*** Recorded information ***

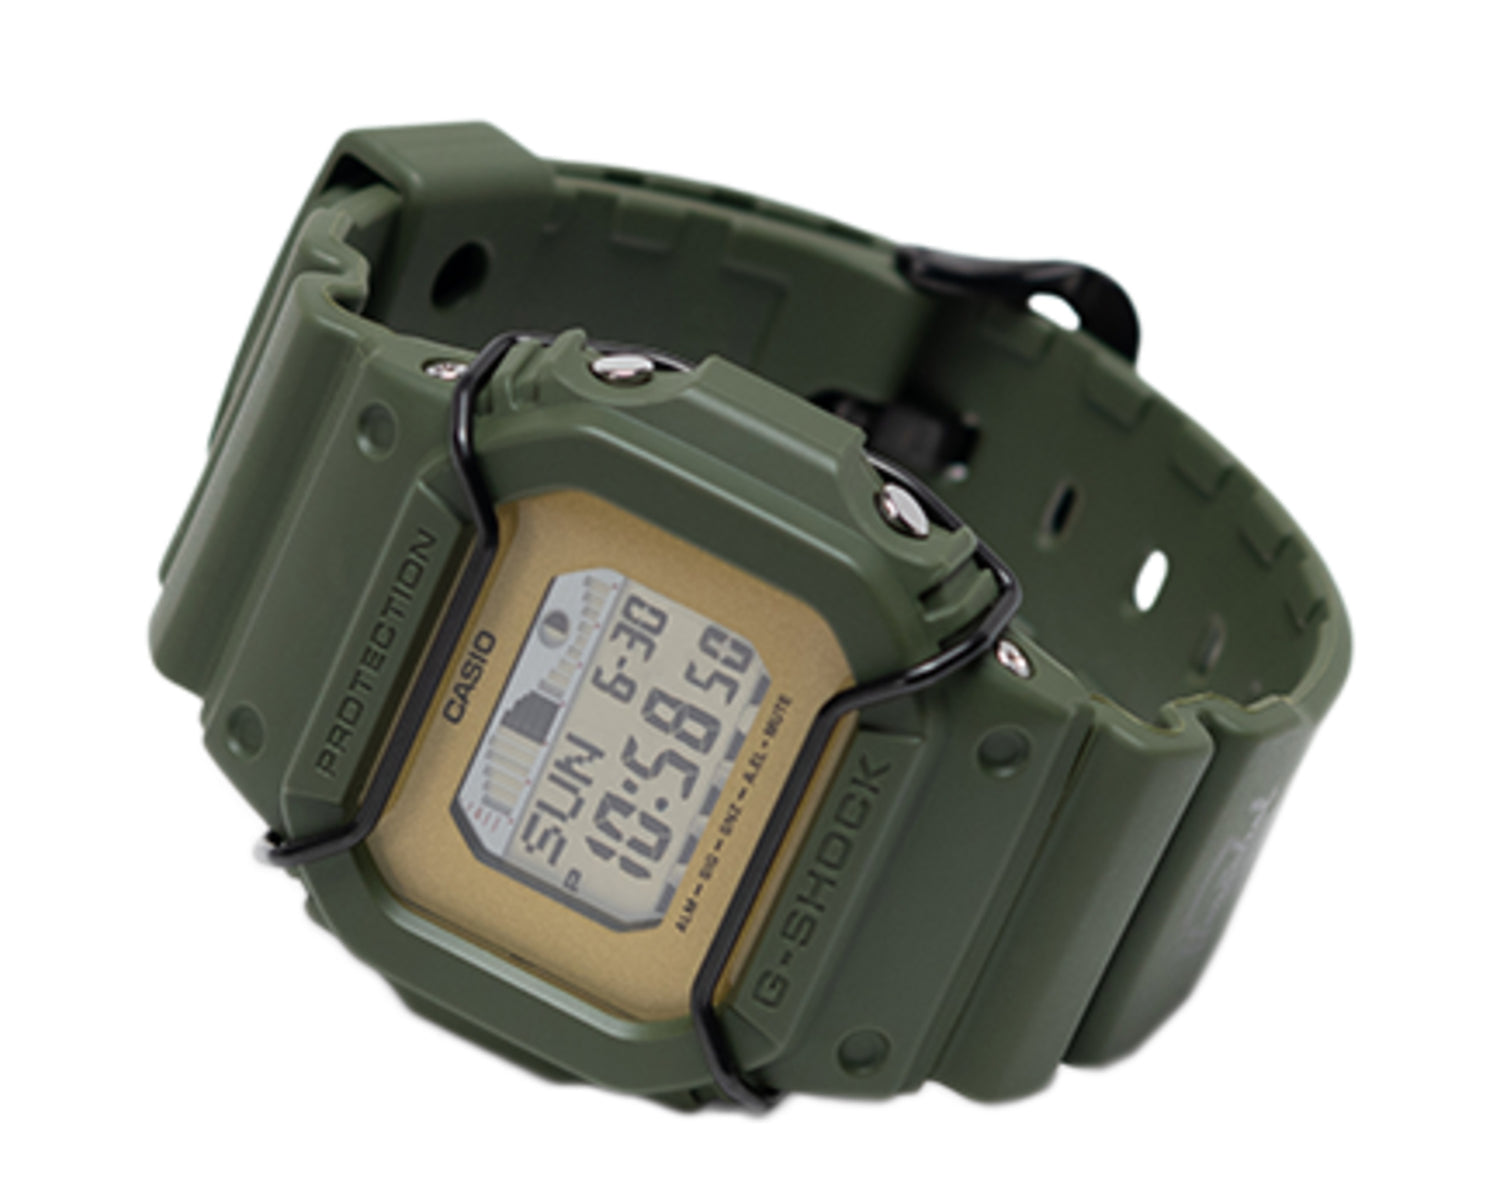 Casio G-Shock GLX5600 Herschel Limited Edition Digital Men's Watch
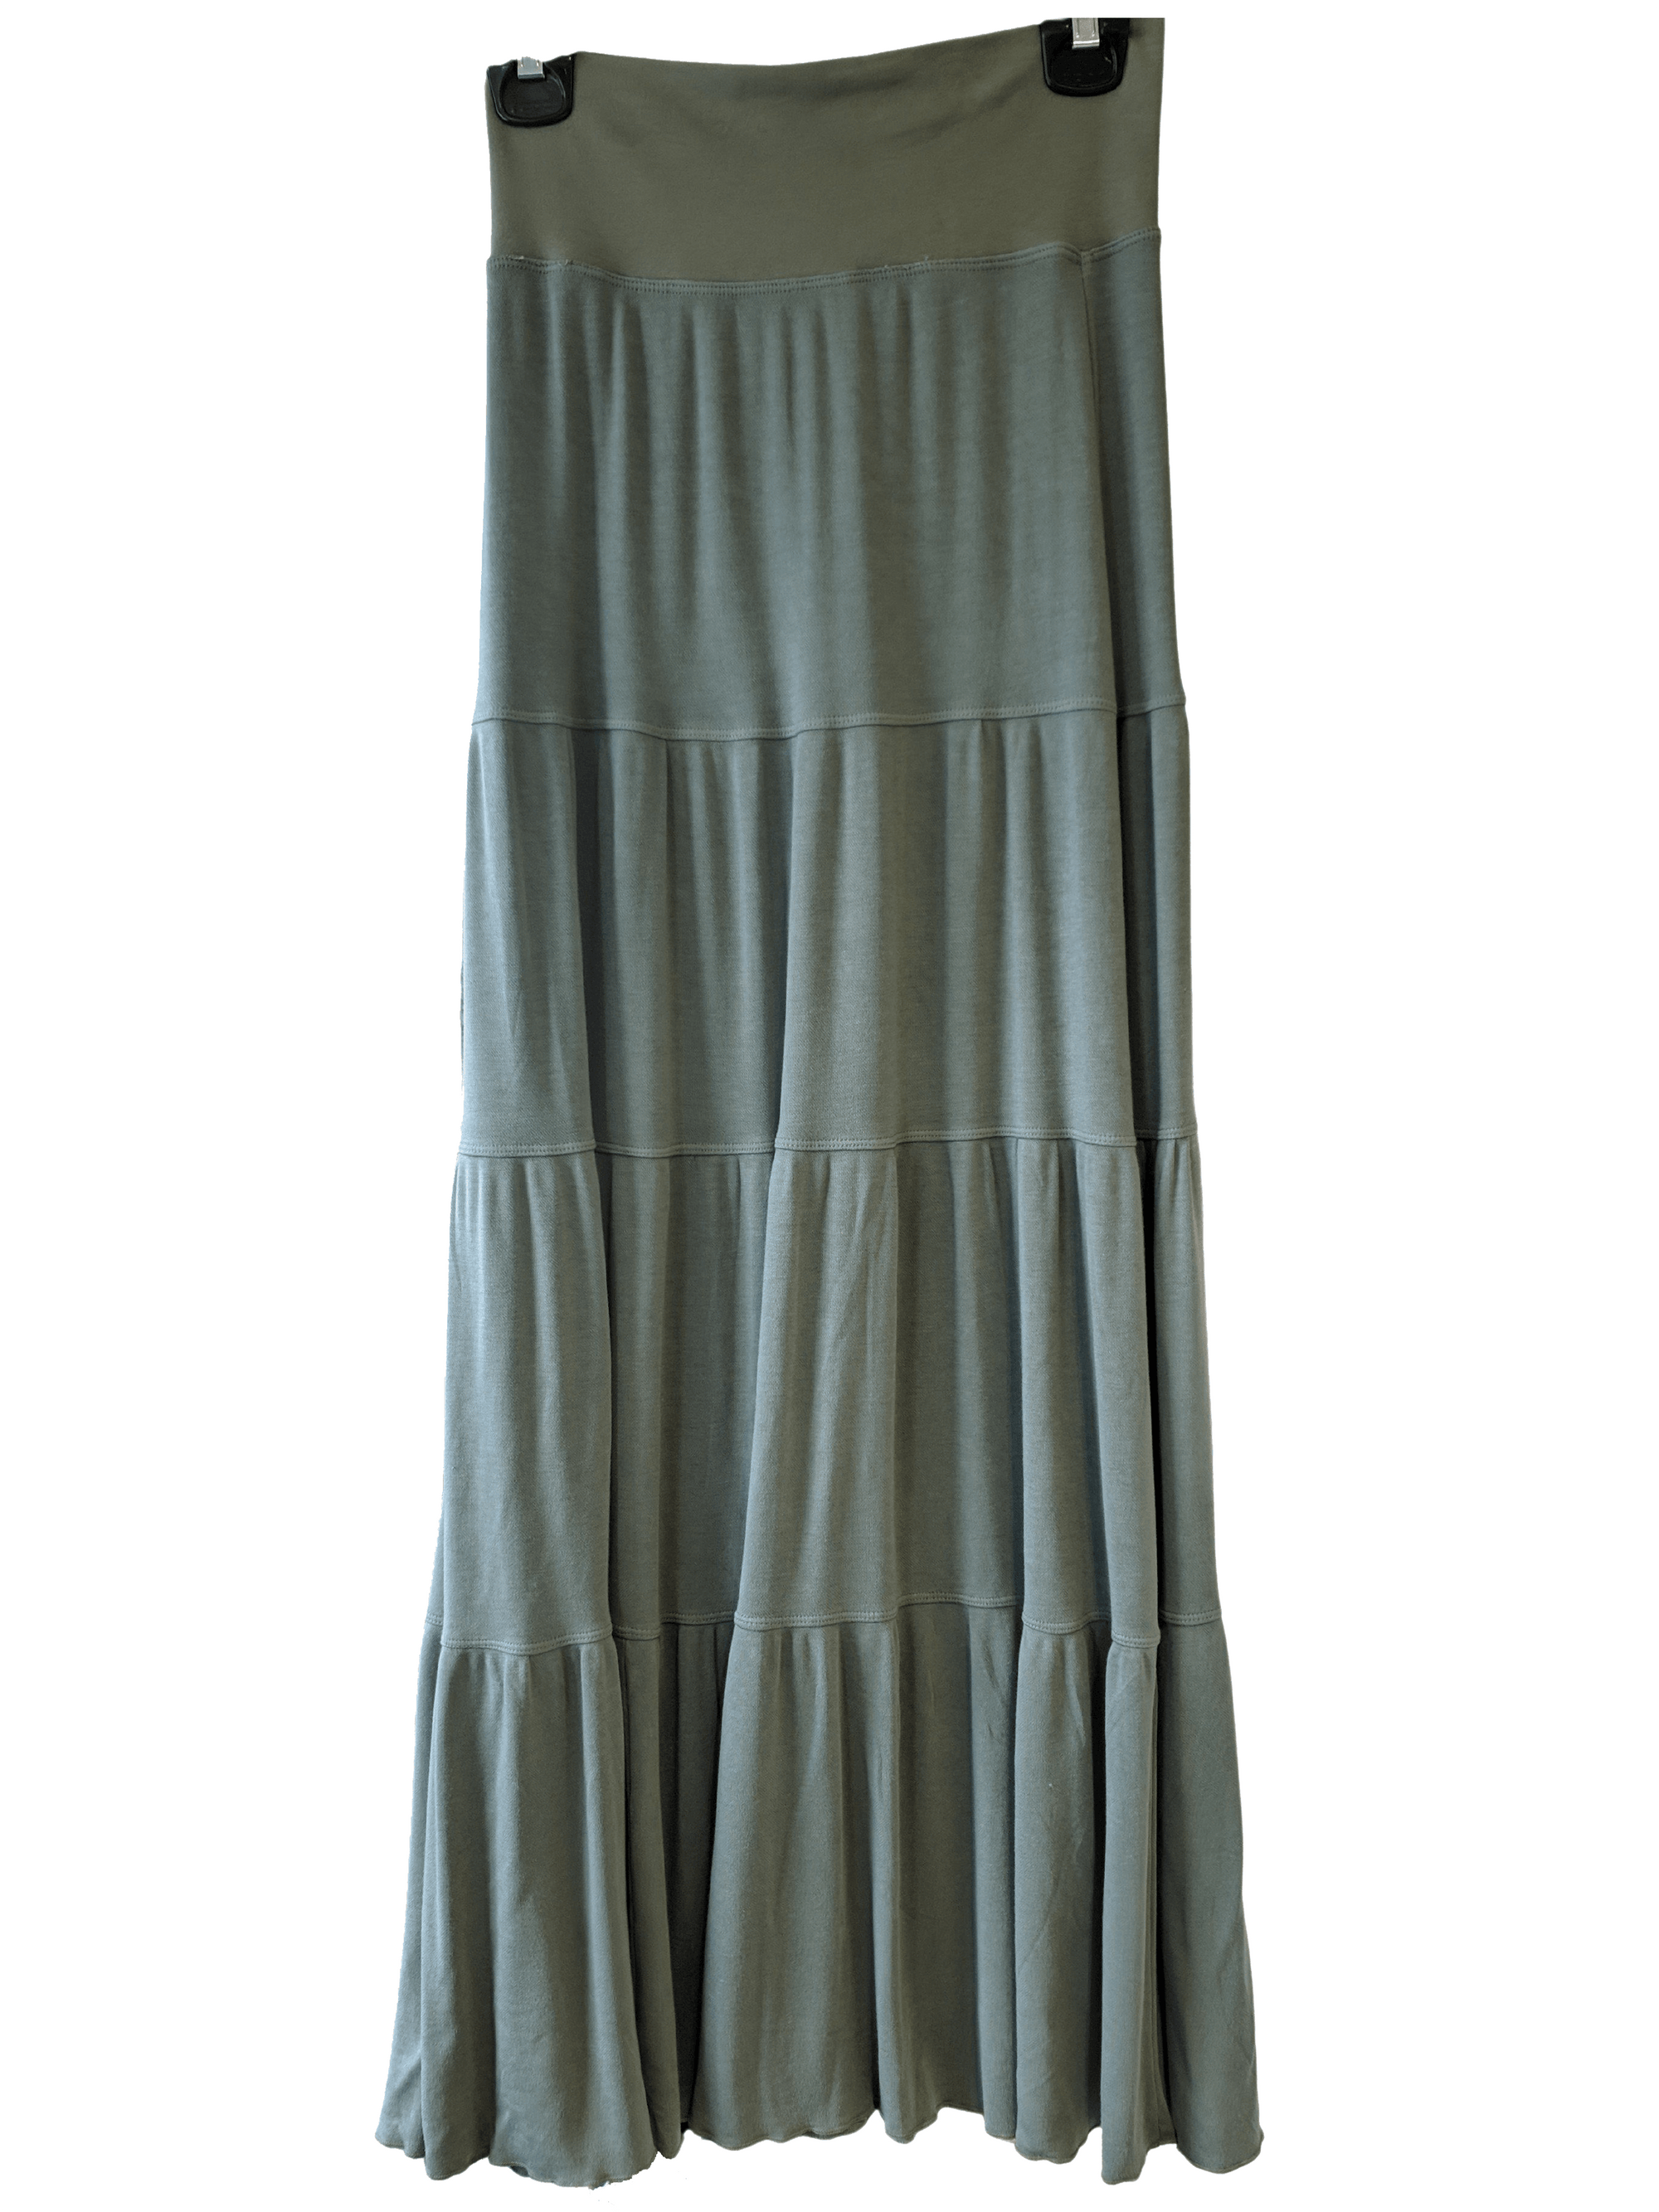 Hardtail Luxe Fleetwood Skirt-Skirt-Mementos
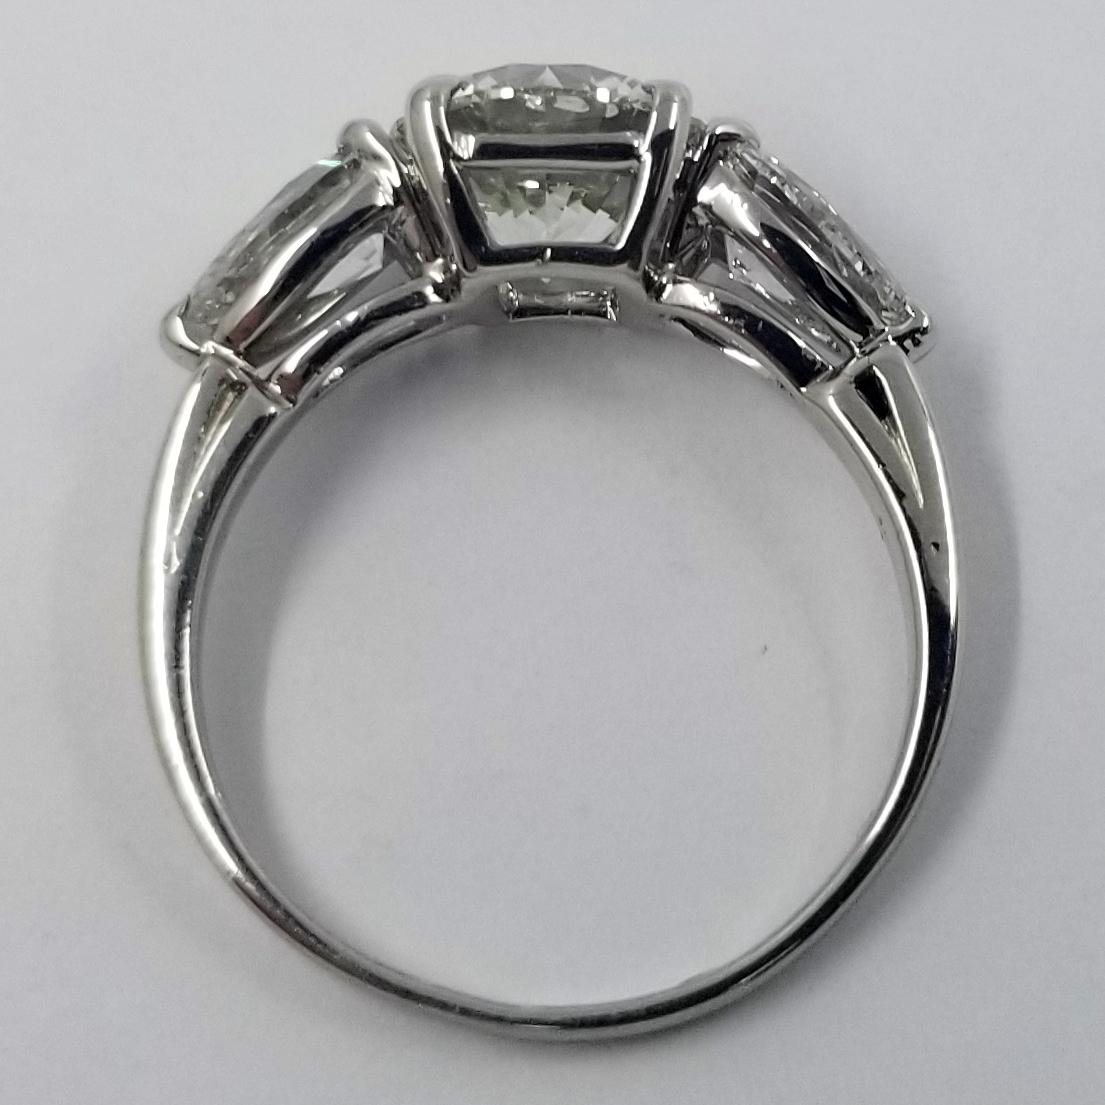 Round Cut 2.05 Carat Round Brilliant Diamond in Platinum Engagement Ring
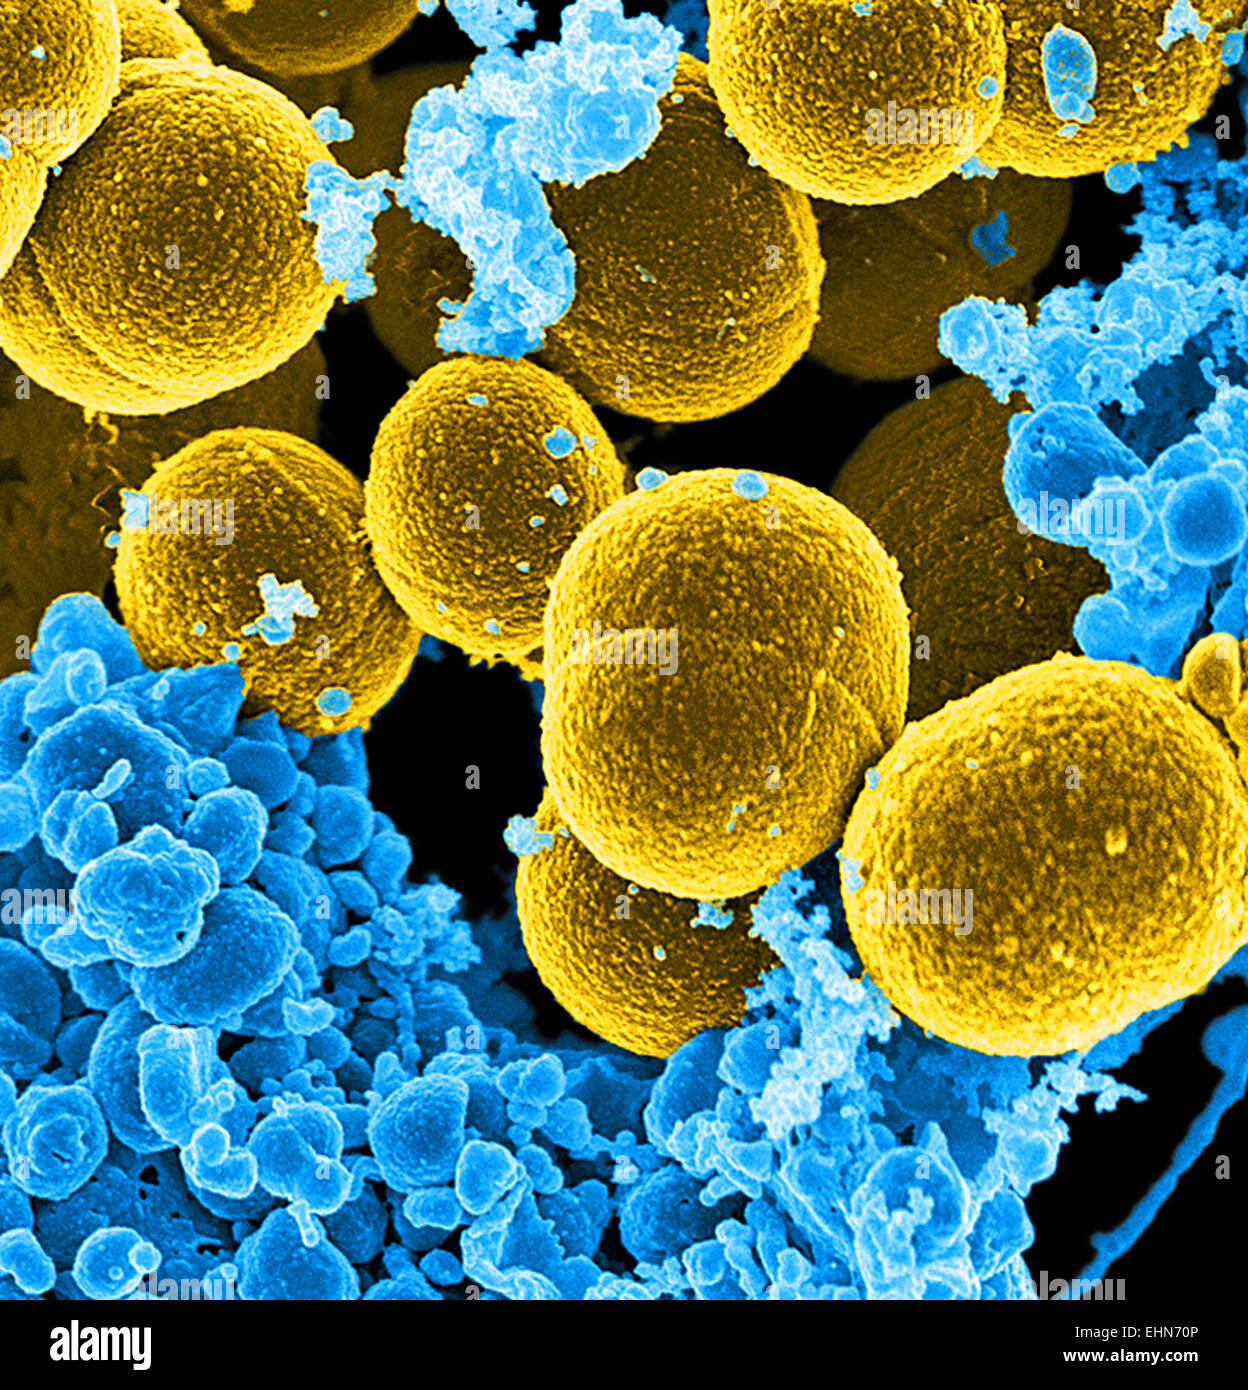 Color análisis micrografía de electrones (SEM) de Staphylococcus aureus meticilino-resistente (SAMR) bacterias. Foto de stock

*** End of Recorded information ***

__Assignment__: Only the lines from the beginning of the listing through the line with "Round Cut 2.05", both ends included, are to be repeated exactly; pictures stay out.

__Answer space__:
 Casio G-Shock GLX5600 Herschel Limited Edition Digital Men's Watch
 Hardtail Luxe Fleetwood Skirt-Skirt-Mementos
 Round Cut 2.05 Carat Round Brilliant Diamond in Platinum Engagement Ring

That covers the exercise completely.